Wanderley de Souza, do Jornal do Brasil.
Infelizmente, as preocupações com a situação do processo educacional brasileiro só afloram quando os resultados de avaliações internacionais se tornam públicos. Afinal, a posição brasileira nesta área destoa de outros indicadores, quer sejam de natureza econômica ou mesmo no que se refere à atividade de pesquisa científica e tecnológica. Os últimos dados do Programa Internacional de Avaliação de Alunos (Pisa), organizado pela Organização para a Cooperação e Desenvolvimento Econômico (OCDE), que mede a aptidão dos estudantes de 15 anos na sétima série em leitura, matemática e ciências, mostraram que, apesar de uma pequena melhora em relação à avaliação anterior, continuamos ocupando as últimas posições. Em relação à leitura e a ciências ocupamos a 53a posição, em um total de 65 países avaliados. Em matemática, ocupamos a 57a posição. É sempre bom lembrar que as primeiras posições são ocupadas pela Coreia do Sul, Finlândia, Hong Kong e Cingapura. Cabe ainda registrar que os dados acima indicados se referem a valores médios e que diferenças significativas podem ser detectadas entre os vários estados da Federação bem como entre as escolas públicas e as privadas. No que se refere aos estados, os melhores desempenhos foram encontrados no Distrito Federal, em Santa Catarina, no Rio Grande do Sul, em Minas Gerais e no Paraná. Quanto ao desempenho das escolas, o melhor foi sempre observado nas poucas escolas públicas federais existentes (Colégios de Aplicação das universidades, Colégio Pedro II do Rio de Janeiro, Institutos Federais e Colégios Militares) seguido de perto pelas escolas privadas. Nestes dois universos, os resultados ficaram próximos daqueles encontrados nos países em melhor posição. A situação catastrófica foi detectada nos colégios estaduais e municipais.
Todas as vezes que resultados como os indicados acima são publicados percebe-se uma certa indignação por parte da população. Afinal, o país vem investindo recursos crescentes em educação. Onde estamos errando? Dos resultados publicados, fica claro que temos exemplos de razoável sucesso nas escolas federais e em muitas escolas privadas. Logo, uma primeira medida lógica seria verificar o que se passa nas melhores instituições representativas destes dois universos e implementar um programa corajoso nas escolas estaduais.

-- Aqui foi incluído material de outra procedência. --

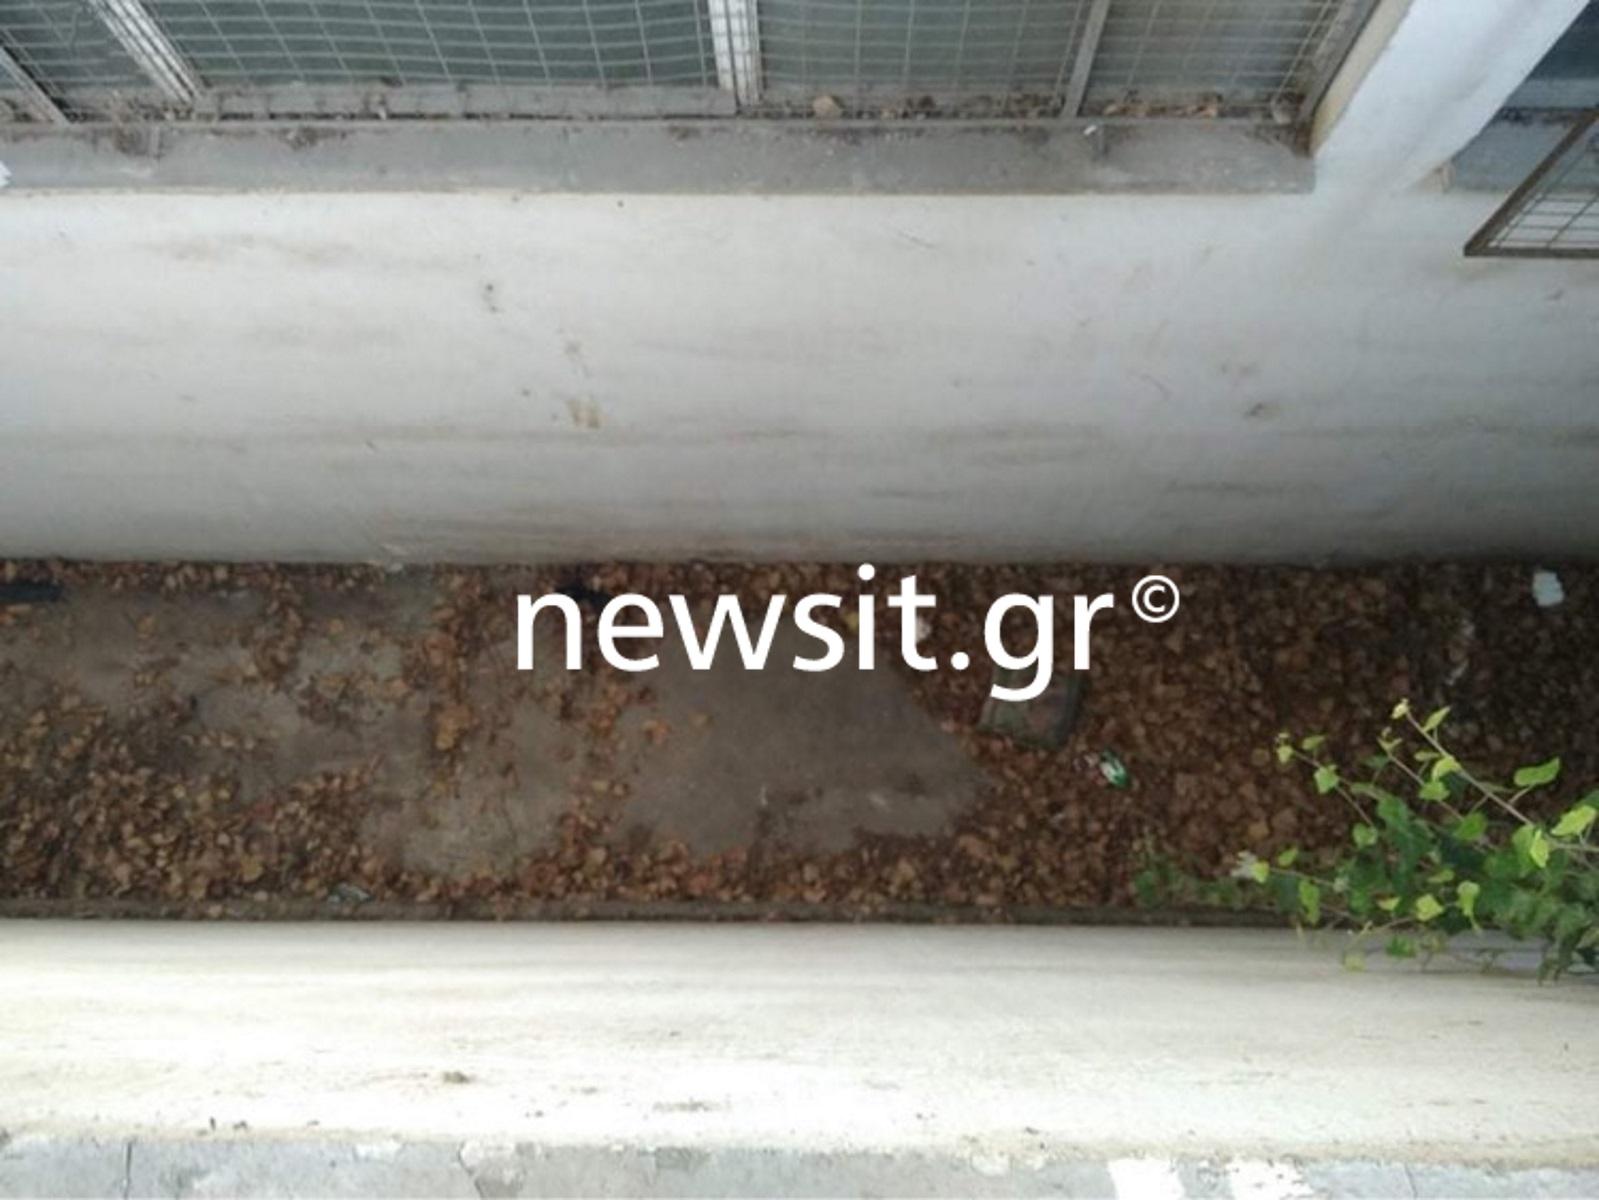 Θεσσαλονίκη: Με τραύματα παντού η 19χρονη που έπεσε σε φρεάτιο του ΑΠΘ

Melhorar o processo educacional brasileiro não é tarefa fácil e, muito menos, de resultado rápido. É preciso
paciência e determinação, sem interferências constantes no processo. O próprio relatório da OCDE apresenta duas perguntas que devem ser objeto de análise pelos países que desejam melhorar seu desempenho.

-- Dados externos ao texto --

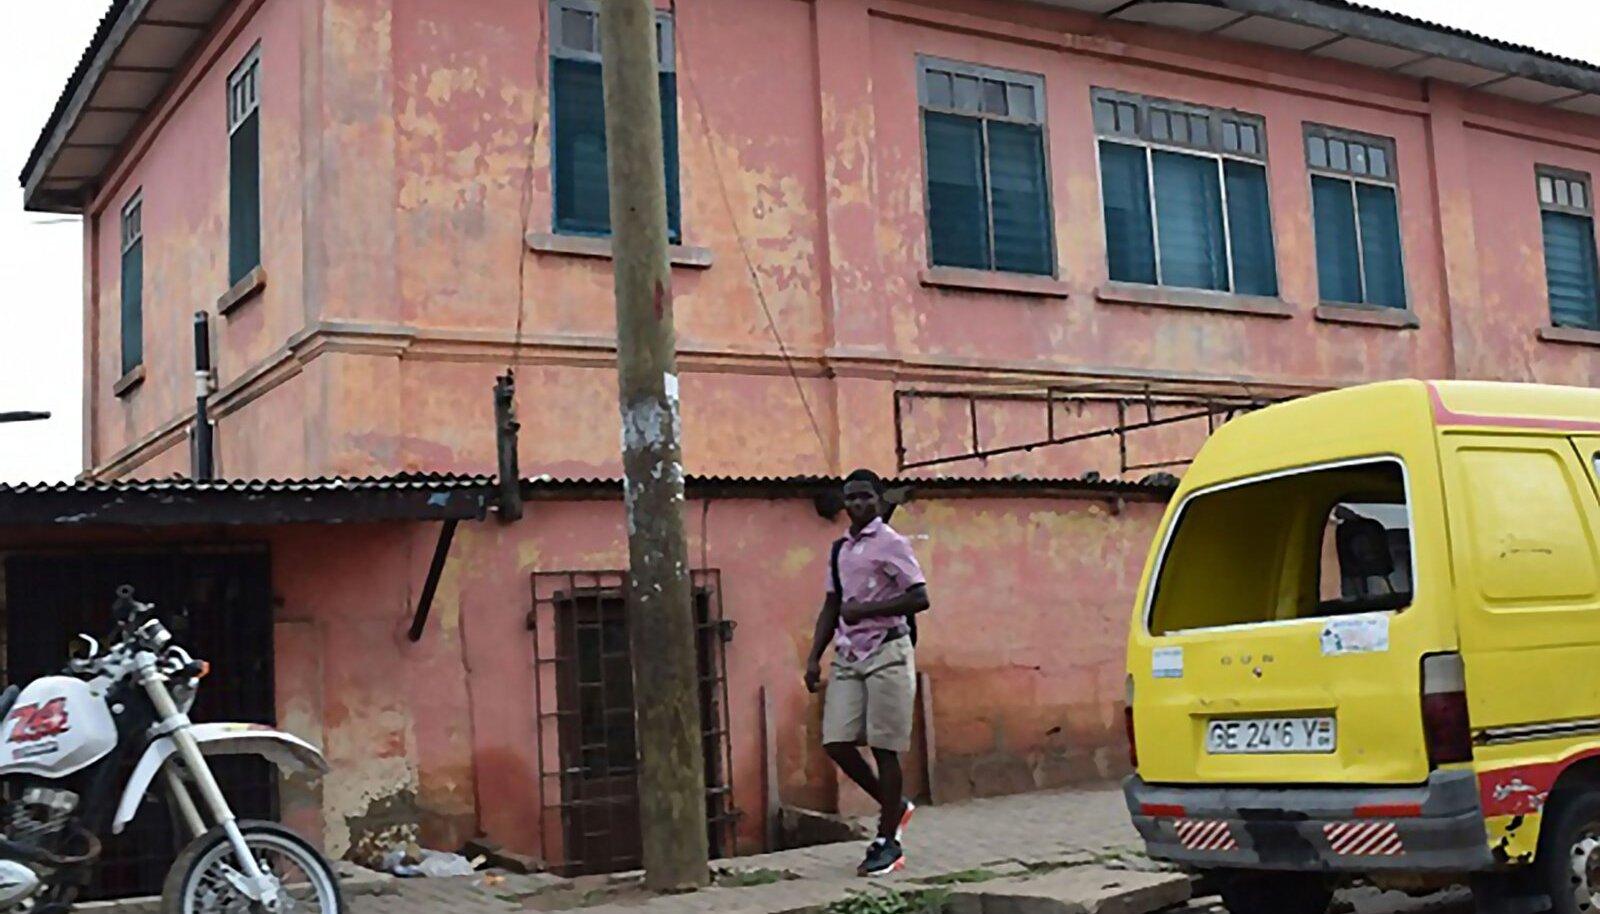 Ghanalased uskusid tõesti, et sellises urkas võib tegutseda USA saatkond.
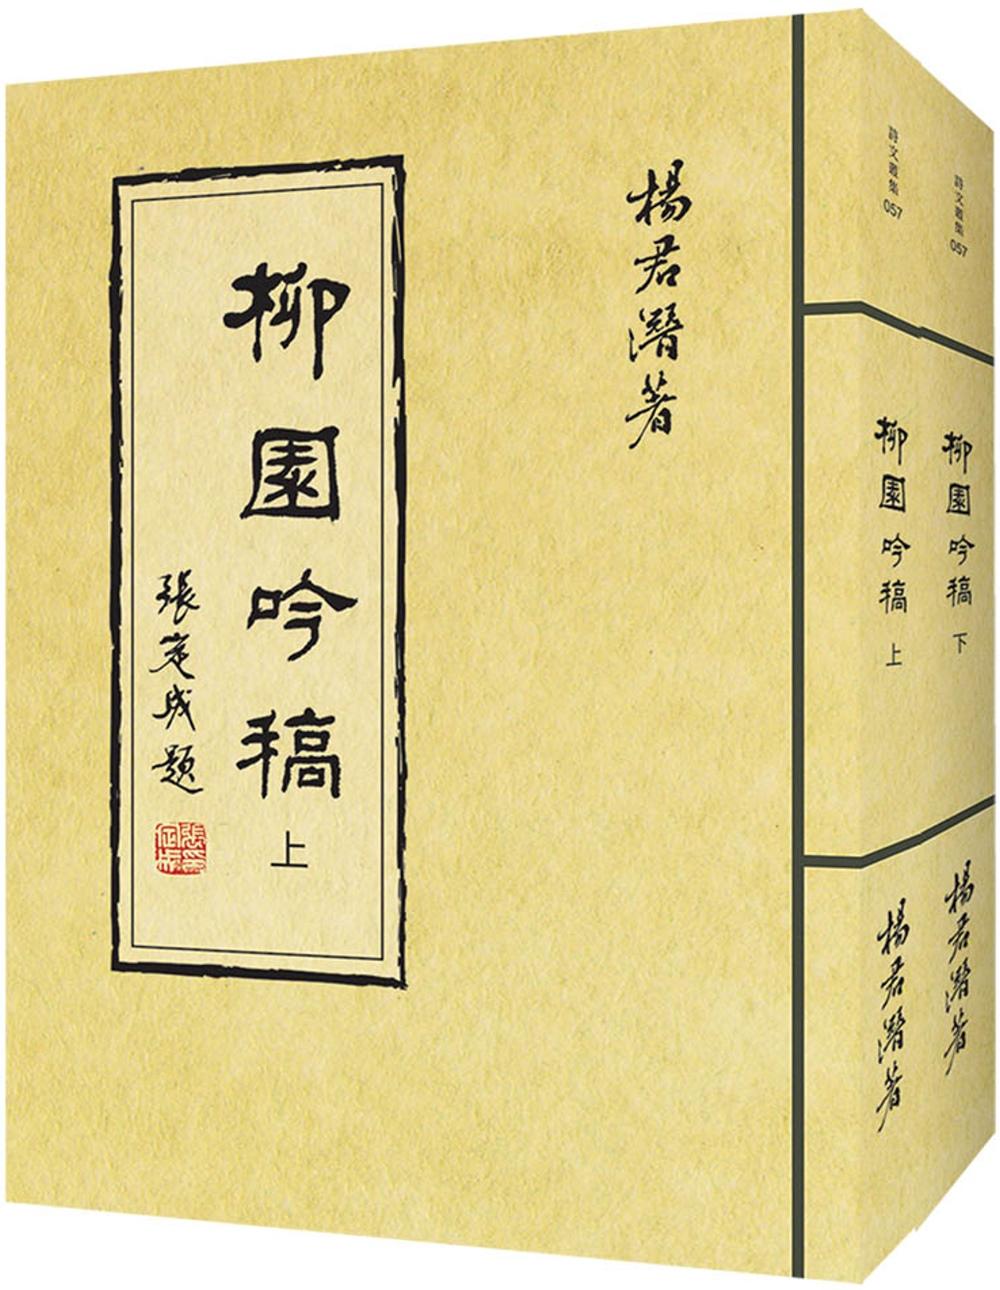 柳園吟稿(上、下冊)

A primeira é muito simples e direta: “Como são pagos os professores em comparação com outros trabalhadores de alto nível?”. No que se refere ao ensino público estadual, justamente o mais frágil, a situação é vergonhosa. É fundamental que os governos estaduais, inclusive com o apoio do governo federal, organize um amplo programa de motivação dos professores existentes através de programas de atualização permanente, estímulo a programas de mestrado profissional nas diferentes áreas de ensino, etc, com correspondente melhoria salarial. Esta pode ser feita inicialmente na forma de bolsa, com recursos compartilhados pelos governos federal e estaduais e, logo a seguir, com mudanças significativas no Plano de Cargos e Vencimentos. Estas bolsas poderiam permitir, ainda, a dedicação integral do professor à sua carreira. A Capes, recentemente chamada a participar da melhoria do ensino básico no país e que tem competência e experiência adquirida no apoio aos cursos de pós-graduação, poderia coordenar com relativa facilidade um amplo programa com esta finalidade.

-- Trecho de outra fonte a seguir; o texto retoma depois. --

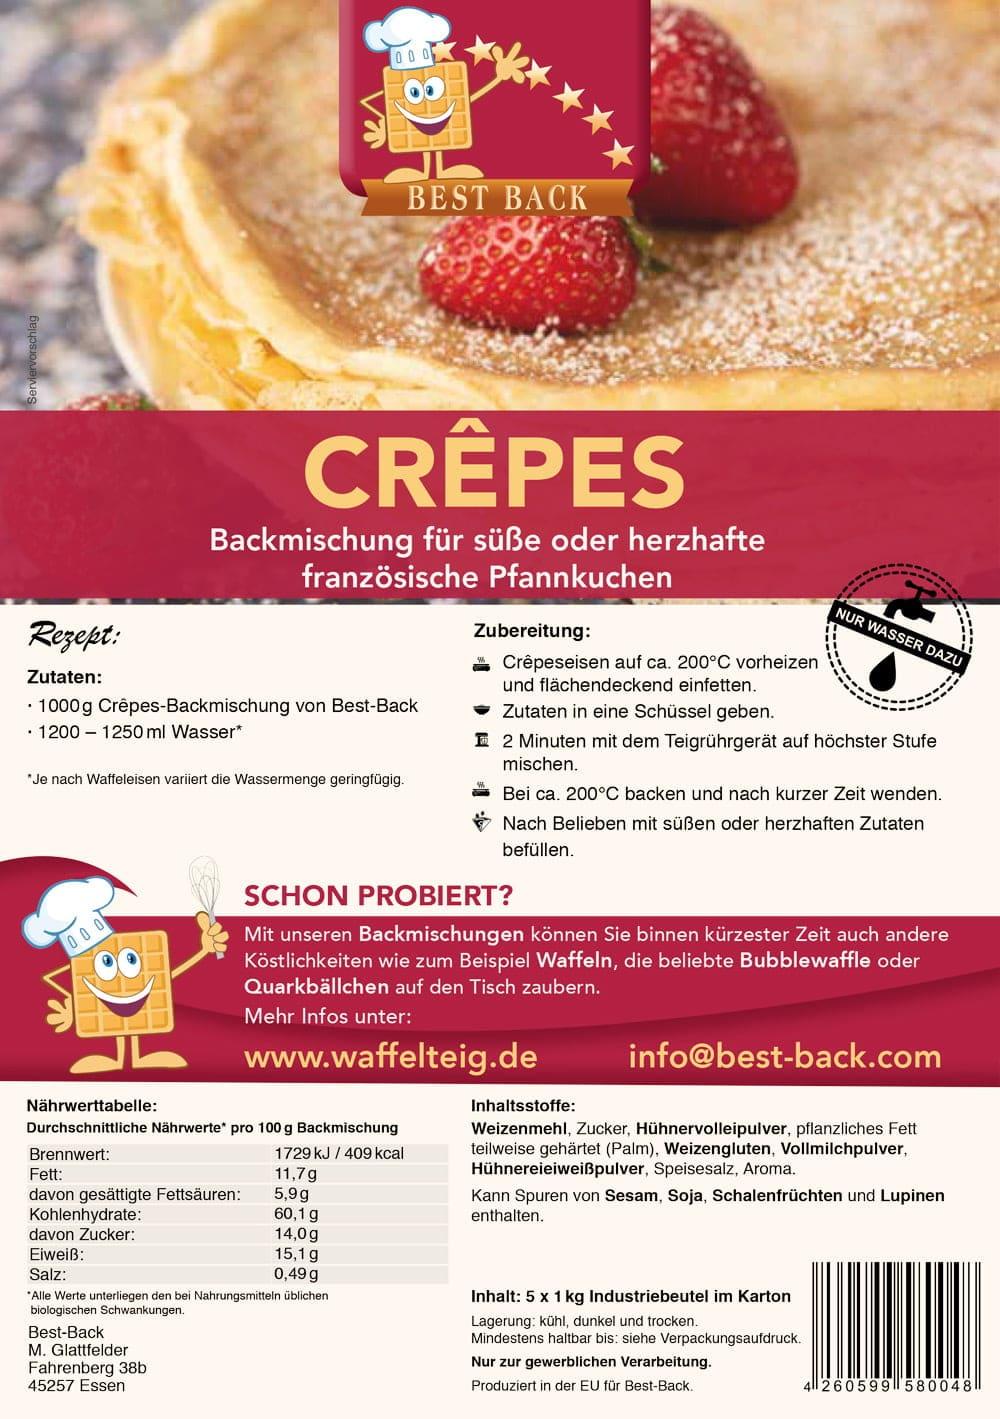 Label Crêpes - Best-Back Vertrieb - einfach, schnell & vielfältig

A segunda questão é também direta: “Você gostaria que o seu filho fosse professor?”. Certamente que a resposta é não, sobretudo nas classes sociais em melhores condições. Como reverter este quadro? A resposta é simples. O salário do professor deve ser compatível com o mercado, de modo a estimular que bons alunos dos cursos de bacharelado e licenciatura nas universidades sejam estimulados a seguirem a carreira docente em escolas de ensino básico. Hoje, estes alunos preferem a carreira científica ingressando nos cursos de mestrado e doutorado onde contam com bolsas cujo valor é significativamente maior do que o salário oferecido pelas escolas públicas. Esta opção abre ainda a possibilidade de crescimento na carreira, maior prestígio e remuneração crescente.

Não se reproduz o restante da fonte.